The present and following chapter extend the treatment of the dictionary problem to the case of more sophisticated forms of key matching, namely prefix match and substring match between a variable-length pattern string and all strings of an input dictionary. In particular, this chapter addresses the former problem, which occurs in many real-life applications concerned, first and foremost, with key-value stores and search engines. Discussion starts with very simple array-based solutions for internal and external memory (i.e. disks), and then moves to evaluate their time , space, and I/O complexities, which motivates the introduction of more advanced solutions for string compression (i.e. front coding and locality-preserving front coding), and data-structure design for prefix string search (i.e. compacted tries and Patricia tries). The chapter is concluded with a discussion on the management of dynamic and very large string dictionaries, which leads to the description of String B-trees. As for all previous chapters, the algorithmic discussion is enriched with pseudocodes, illustrative figures, and many running examples.
This chapter deals with the design of compressed data structures, an algorithmic field born just 30 years ago which now offers plenty of compressed solutions for most, if not all, classic data structures such as arrays, trees, and graphs. This last chapter aims at providing just an idea about these novel approaches to data structure design, by discussing the ones that we consider the most significant and fruitful, from an educational point of view. A side effect of this discussion will be the introduction of the paradigm called “pointerless programming,” which waives the explicit use of pointers (and thus integer offsets of four–eight bytes to index arbitrary items, such as strings, nodes, or edges) and instead uses compressed data structures built upon proper binary arrays that efficiently subsume the pointers, and support efficiently/optimally some interesting query operations over them.

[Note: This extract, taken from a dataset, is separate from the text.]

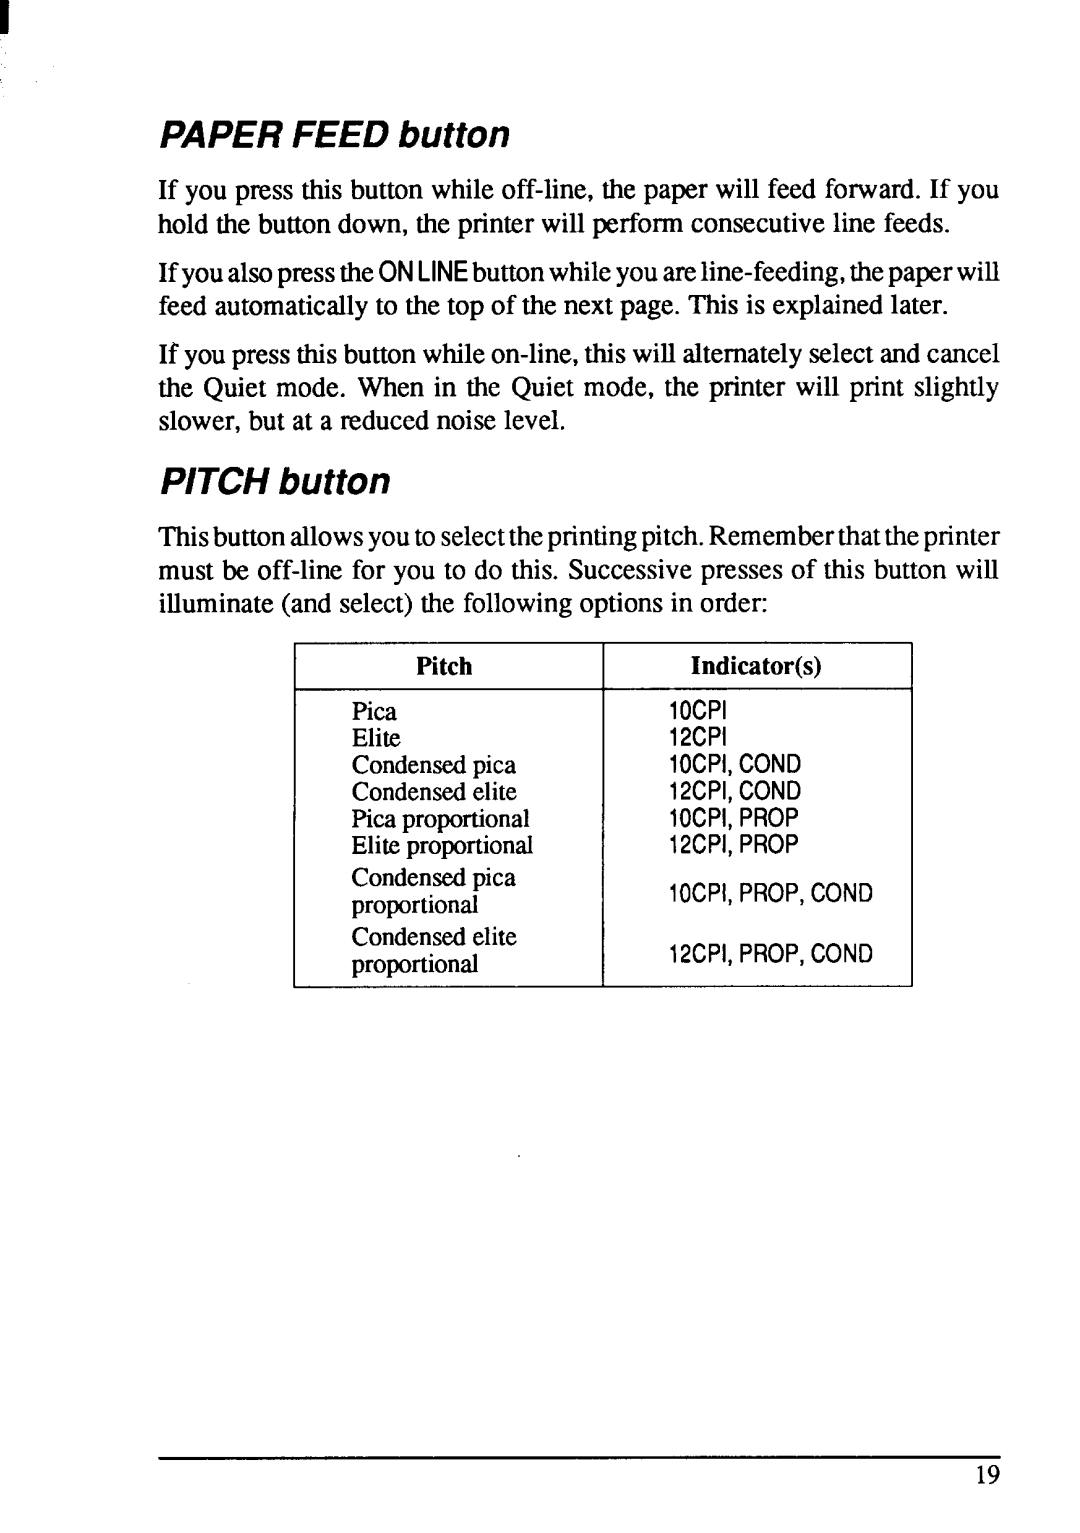 Star Micronics NX-1001 manual PAPERFEED button, PITCHbutton, Pitch, Indicators

This chapter deals with the design of data structures and algorithms for the substring search problem, which occurs mainly in computational biology and textual database applications to date. Most of the chapter is devoted to describing the two main data-structure champions in this context, the suffix array and the suffix tree. Several pseudocodes and illustrative examples enrich this discussion, which is accompanied by the evaluation of time, space, and I/O complexities incurred by their construction and by the execution of some powerful query operations. In particular, the chapter deals with the efficient/optimal construction of large suffix arrays in external memory, hence describing the DC3 algorithm and the I/O-efficient scan-based algorithm proposed by Gonnet, Baeza-Yates, and Snider, and the efficient direct construction of suffix trees, via McCreight’s algorithm, or via suffix arrays and LCP arrays. It will also detail the elegant construction of this latter array in internal memory, which is fundamental for several text-mining applications, some of which are described at the end of the chapter.